Here are 5 heartbreaking things I learned about men and their relationship to penis size:
- The obsession with dick size is very real, very deeply rooted and seemingly not going away. According to Hickman, “The most frequent question on all Internet Q-and-A sex sites continues to be, “Is size important?”
- A penis-haver is willing do weird stuff in order to see how their junk compares to the junk of other penis-havers. There is a ”downloadable chart of four outline drawings (“low average” to “extraordinarily large”) on the internet that a dude can print out and “use as a template against which to judge himself.” Comparing yourself to others is never a good idea. Printing out dick templates to use as a comparison tool is heartbreaking. Resting dicks on outline drawings of other dicks is not a productive way to spend time and only serves to make the dick’s owner feel weird.

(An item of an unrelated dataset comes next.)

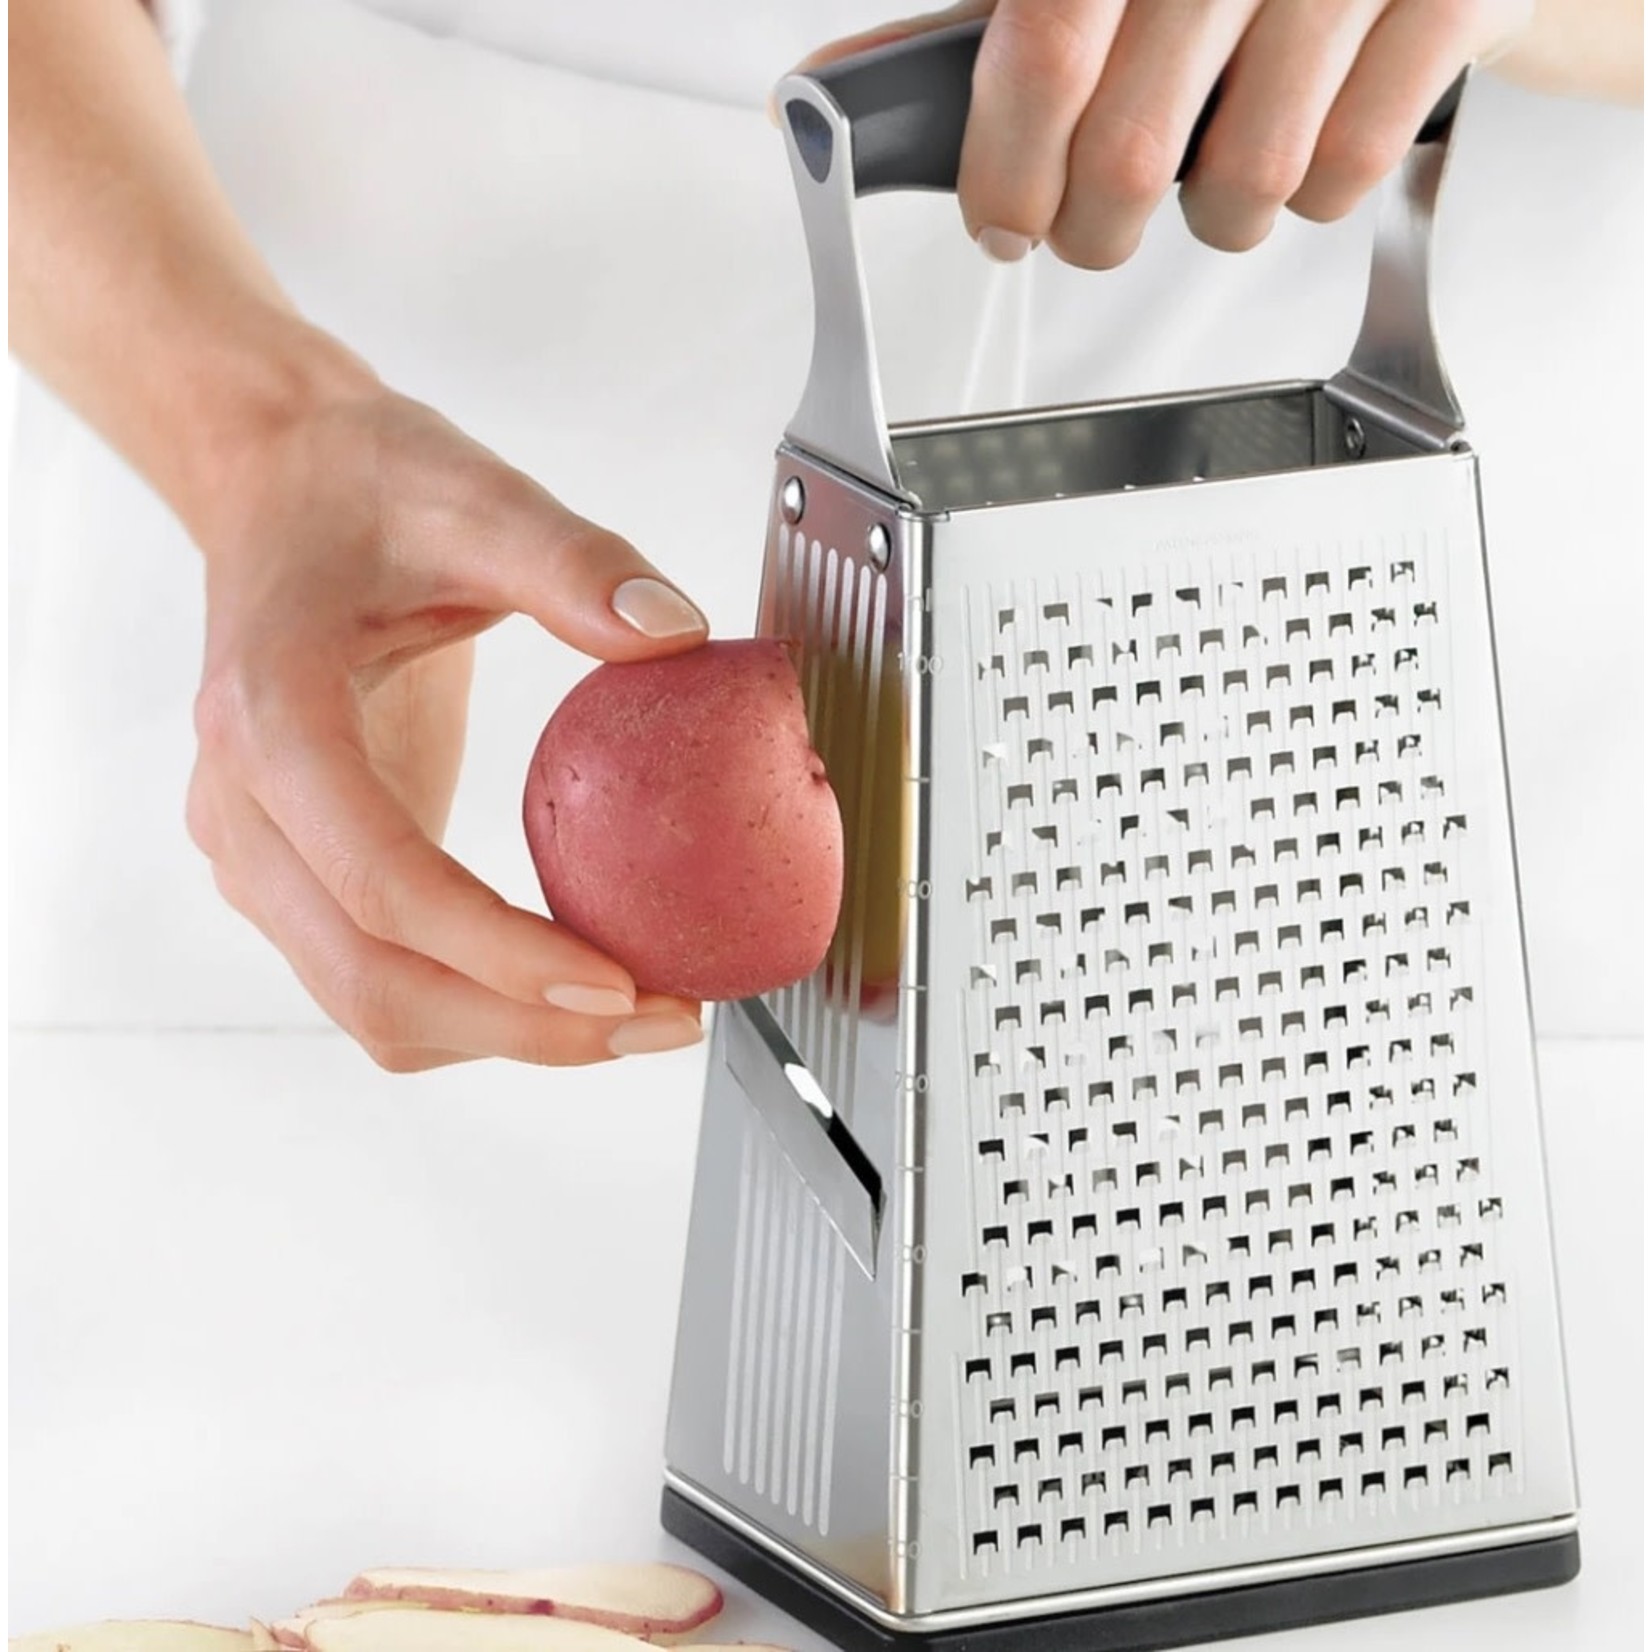 CUISIPRO CUISIPRO 4 Sided Box Grater - Stainless

- Men have a kooky idea of the average erection size and it’s probably porn’s fault. According to the Kinsey Institute, “many men…believe the average erection is 10 inches.” The images in media like porn can be harmful because they normalize fantasy and ballooned up versions of features like titties, booties and peckers. There’s smoke and mirrors and grooming and production and highly specific casting that makes schlongs look huge in porn. Just imagine if it were true that the average penis stood slightly below a foot– it would be a fucking nightmare and people that have sex with men would be waddling around sore all the time. The dicks that raised the average would be just tremendous.
- Dudes are not great at measuring their own wieners. A lot of size related data is kind of off. It’s been a problem for researchers from Kinsey to condom brands. The only large-scale study that did not rely on self-measurements and instead had volunteers have their boners measured by two nurses with measuring tapes, found that the average human penis measured about a half inch less than in self-reported studies. 5.8 inches versus 6.25 inches. It’s not heartbreaking that there is not standard way for a guy to measure his own junk, but heartbreaking that they feel the need to measure and give themselves a little boost because of #3 on this list.

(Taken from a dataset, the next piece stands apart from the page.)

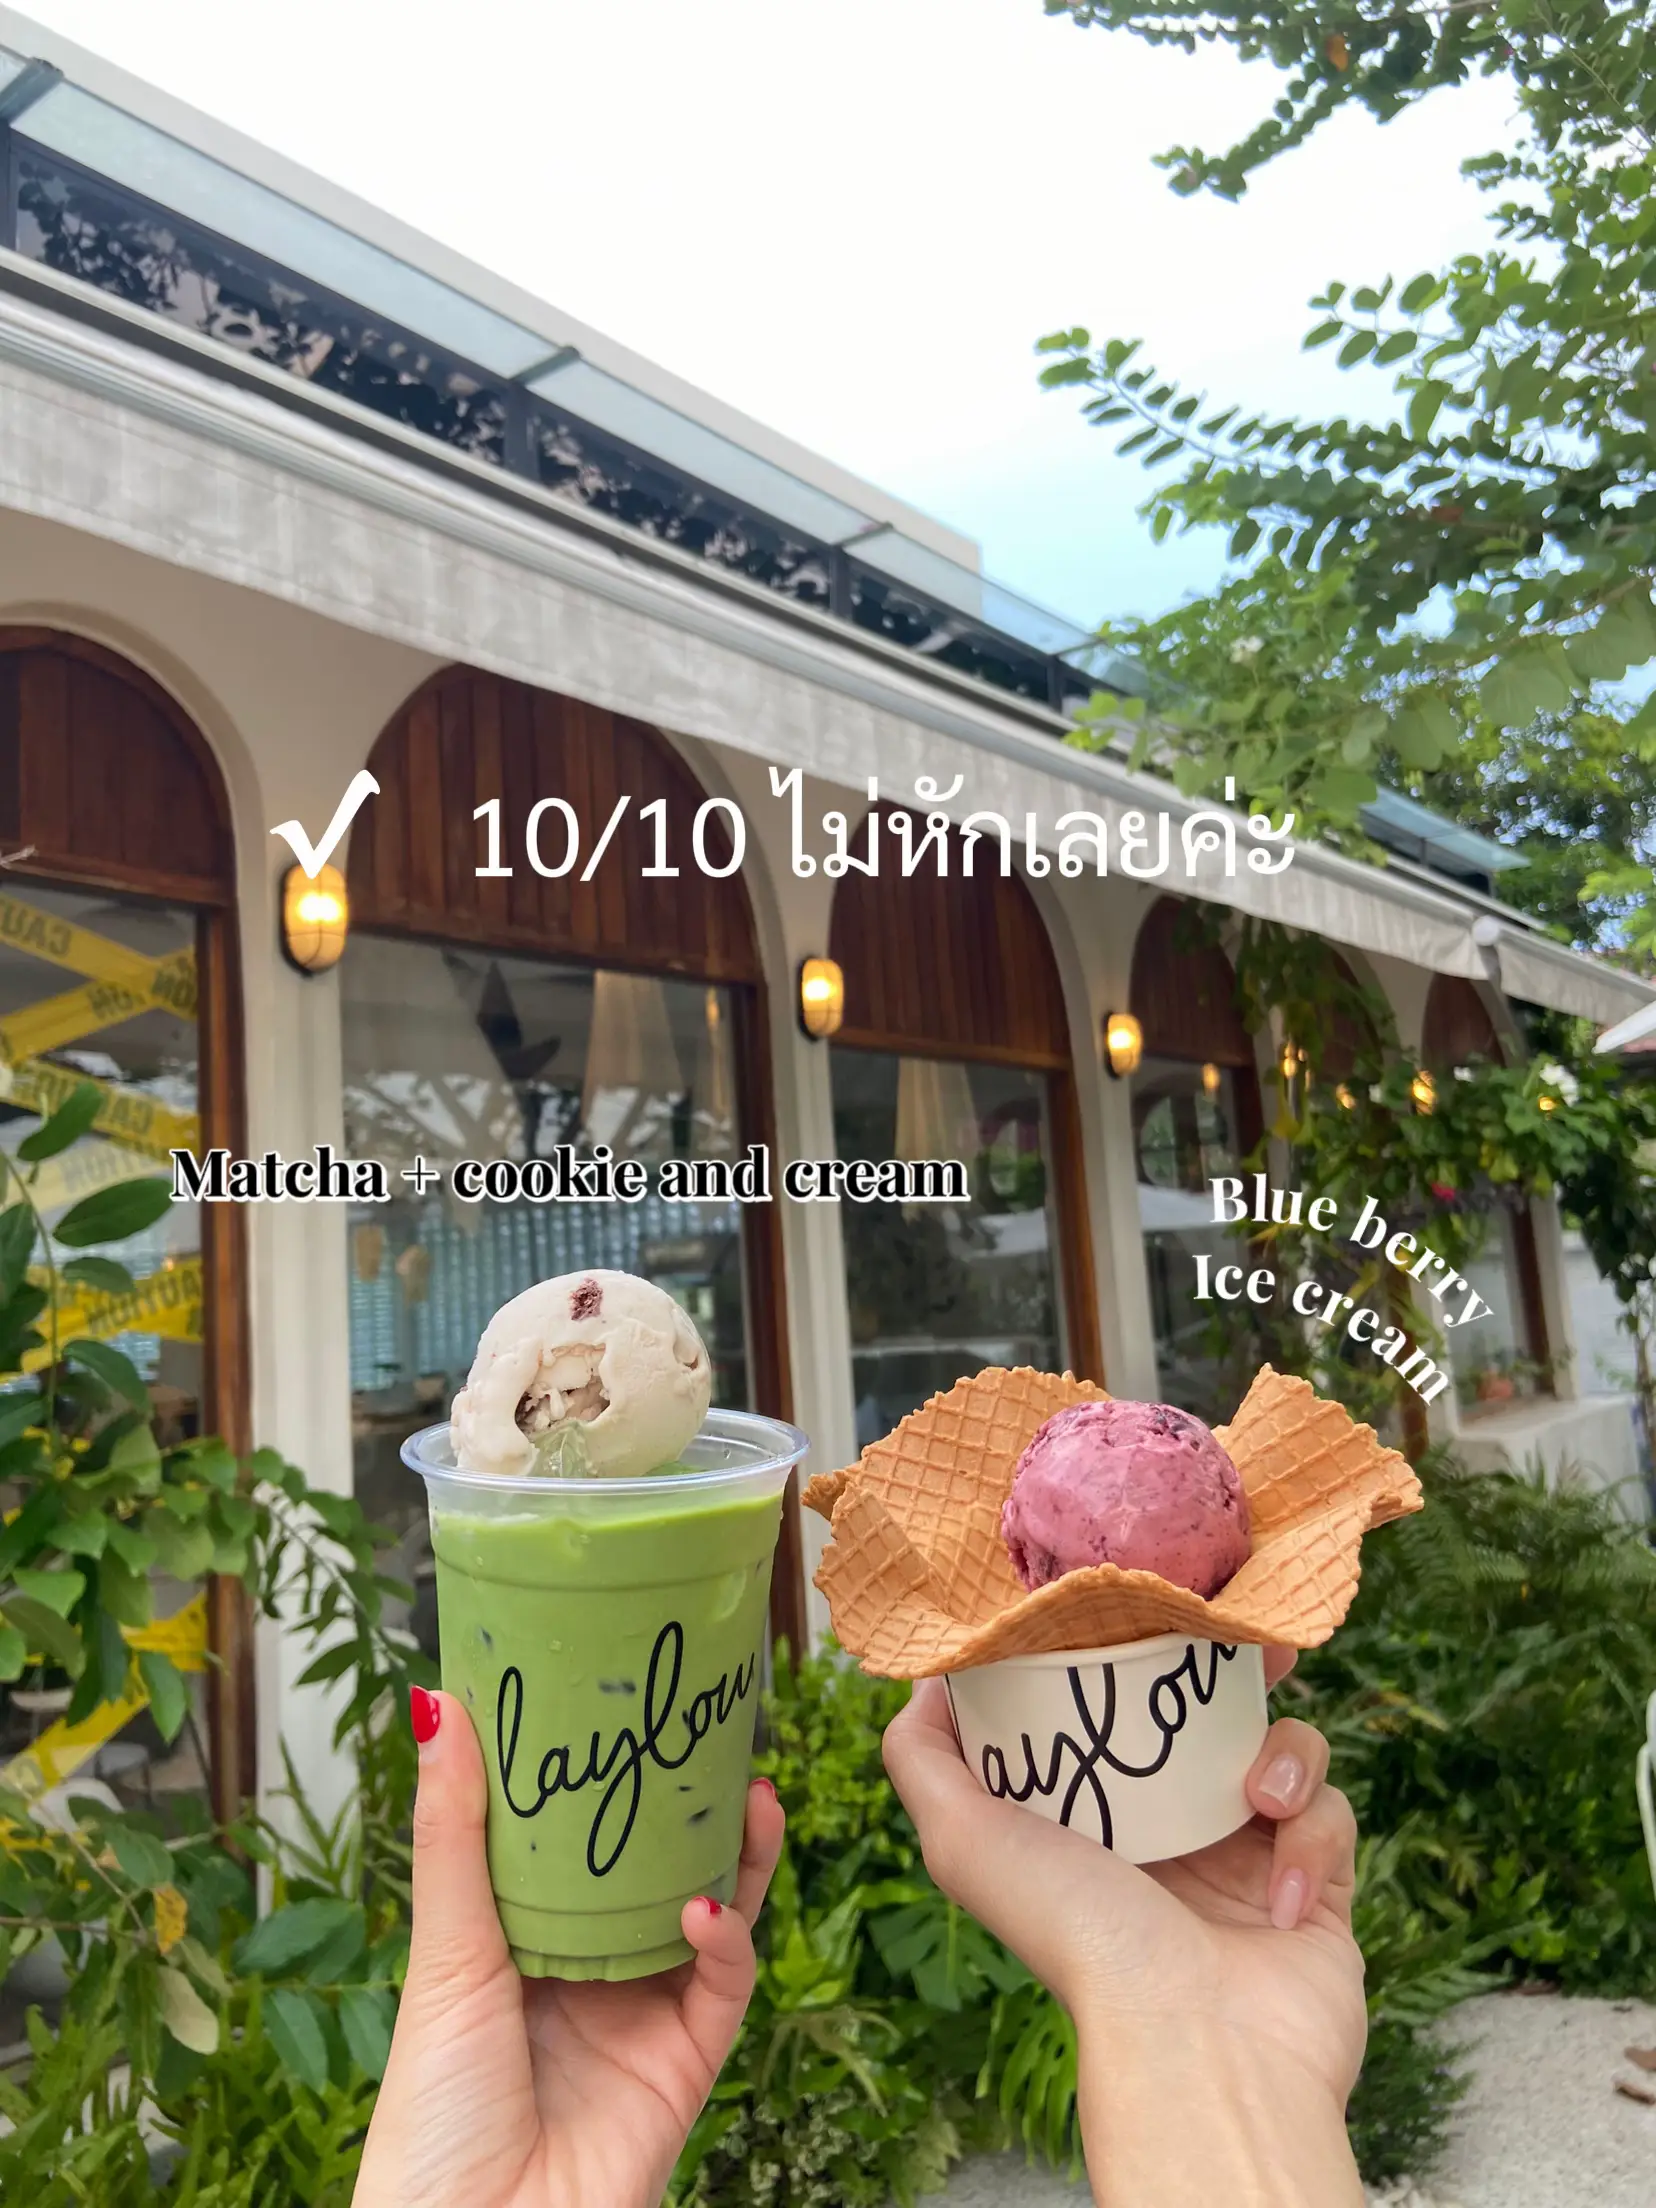 Lay Low Cafe

- We cannot stop measuring peckers (for science): Apparently “between 2007 and 2010 at least 15 different studies were published, all of them hands-on.” I’m all for gathering data and studying the human bod, but hot damn, fifteen is a lot of studies.
In our culture that’s both raunchy and highly body conscious, it’s no wonder that we are unable to stop fixating on body parts, particularly sex organs. It’s shame that we compare, contrast and hope to be at least normal (whatever that means) all to our ego’s detriment.